Canadian-to-Medicare-Fee Ratio2

Ontario Quebec British Columbia Alberta Canada
Evaluation and Management Services
Office Visits 91 0.941 0.570 0.697 0.661 0.762
Hospital Visits 84 0.404 0.385 0.406 0.491 0.408
Emergency Room Services 91 0.305 0.315 0.572 0.374 0.354
Nursing Home and Home Health 63 0.381 0.272 0.414 0.748 0.394
Specialty-Specific Evaluation and Management 52 0.689 0.548 0.708 0.784 0.659
Consultations 94 0.781 0.599 0.814 0.736 0.725
Procedures
Cardiovascular Procedures 40 0.545 0.399 0.540 0.651 0.512
Orthopedic Procedures 63 0.395 0.338 0.389 0.362 0.373
Other Major Procedures 32 0.582 0.452 0.509 0.545 0.528
Eye Procedures 63 0.477 0.396 0.555 0.521 0.468
Other Ambulatory Procedures 20 0.517 0.432 0.415 0.516 0.542
Minor Procedures 19 0.786 0.414 0.517 0.774 0.633
Endoscopy Procedures 57 0.737 0.465 0.614 0.676 0.630
Imaging
Standard Imaging 31 0.693 0.441 0.668 0.755 0.619
Advanced Imaging 36 1.046 0.768 1.064 n.a. 0.953
Sonography 31 1.069 0.509 0.895 0.781 0.841
Imaging Procedure 51 0.688 0.374 0.652 0.750 0.594
1

Medicare share is the ratio of the expenditures of the codes used in the index to the expenditures of all the codes in the TOS subcategory.

2

Canadian fees are the average of the fees (weighted by population) of the four largest provinces. Canadian fees have been adjusted for differences in currency (through purchasing power parity), practice expense, global fee periods, and other aspects of the fee structures.

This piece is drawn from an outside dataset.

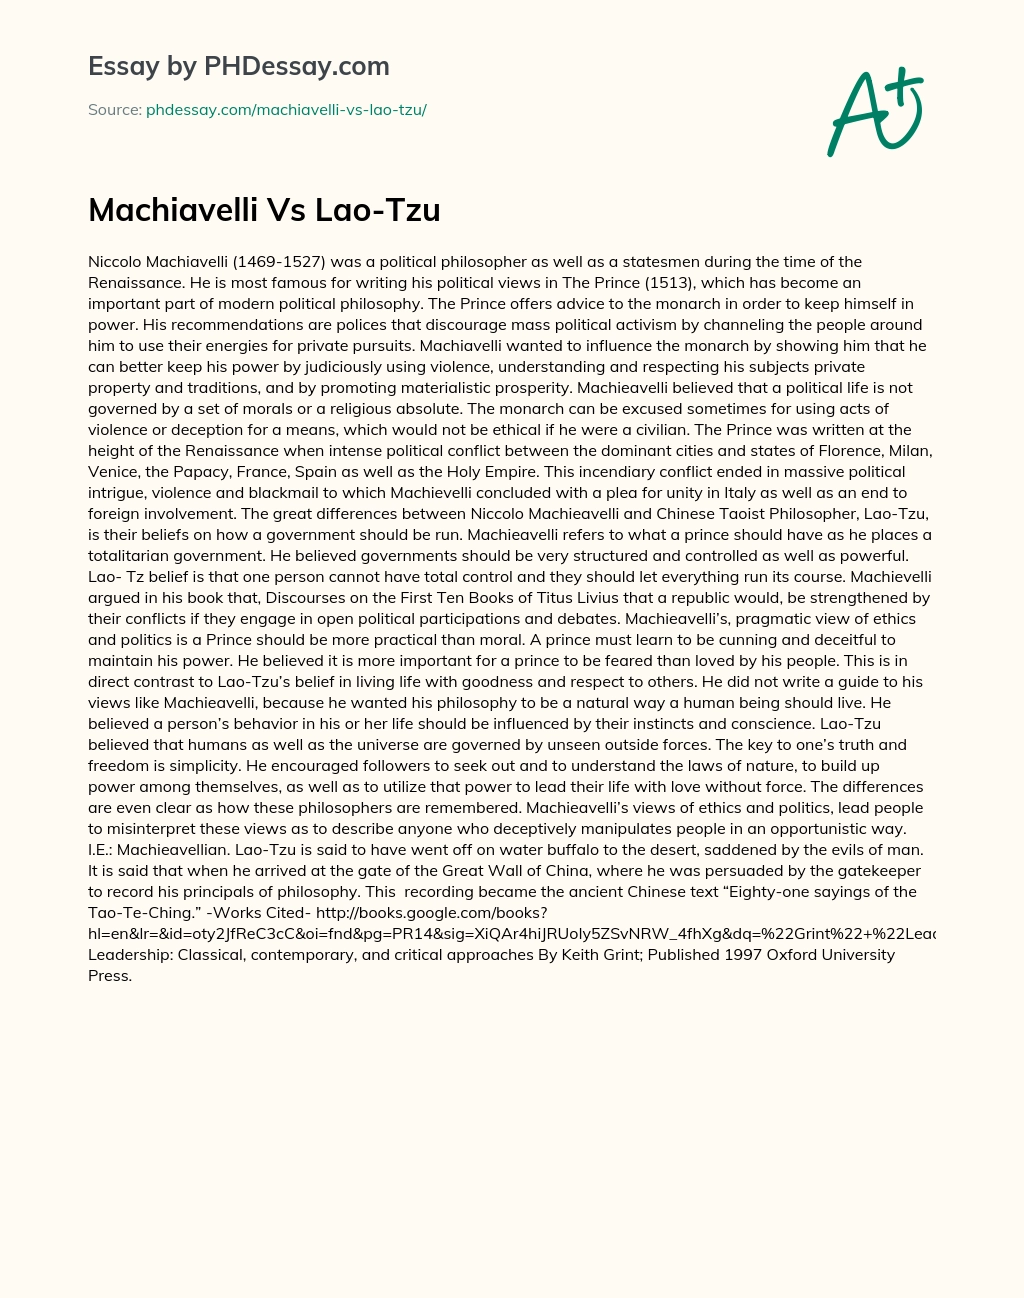 Machiavelli Vs Lao-Tzu essay

To compare Canadian and Medicare fees, we used an index based on a fixed set of services (i.e., Laspeyres index). This widely used index form is the basis of, for example, the U.S. Consumer Price Index. We first calculated an index for each type-of-service subcategory. This index is a weighted average of Canadian fees relative to Medicare fees for selected codes in each type subcategory. For cardiovascular procedures, for example, this involved averaging relative fees for eight codes. Each relative fee was weighted by its Medicare expenditure share within its subcategory, the same variable used to select the codes. Our composite index across all 17 subcategories was also a Laspeyres index. This index is the weighted average of each of the individual Laspeyres indexes, where the weights are the Medicare expenditure shares for the subcategory.

Creating Comparable Fees

The fees that we analyzed were those in effect in January 1992, obtained from published fee schedules (Ontario Ministry of Health, 1991; Quebec Ministry of Health, 1991; British Columbia Ministry of Health, 1991; British Columbia Medical Association, 1991; Alberta Ministry of Health, 1991; Federal Register, 1991). In the case of Medicare, we assumed full implementation of the fee schedule. Medicare fees were treated as the product of the total RVU for the code and the conversion factor of $31.001 (Federal Register, 1991). No geographic adjustment was made. Canadian fees, as they appear in the schedules, do not vary geographically. And the geographic practice cost index of the Medicare fee schedule does not enter the calculation when a national perspective is used. For each code, the Canadian fee was calculated as the mean of the four provincial fees, weighted by their 1990 population (Canadian Almanac & Directory, 1992).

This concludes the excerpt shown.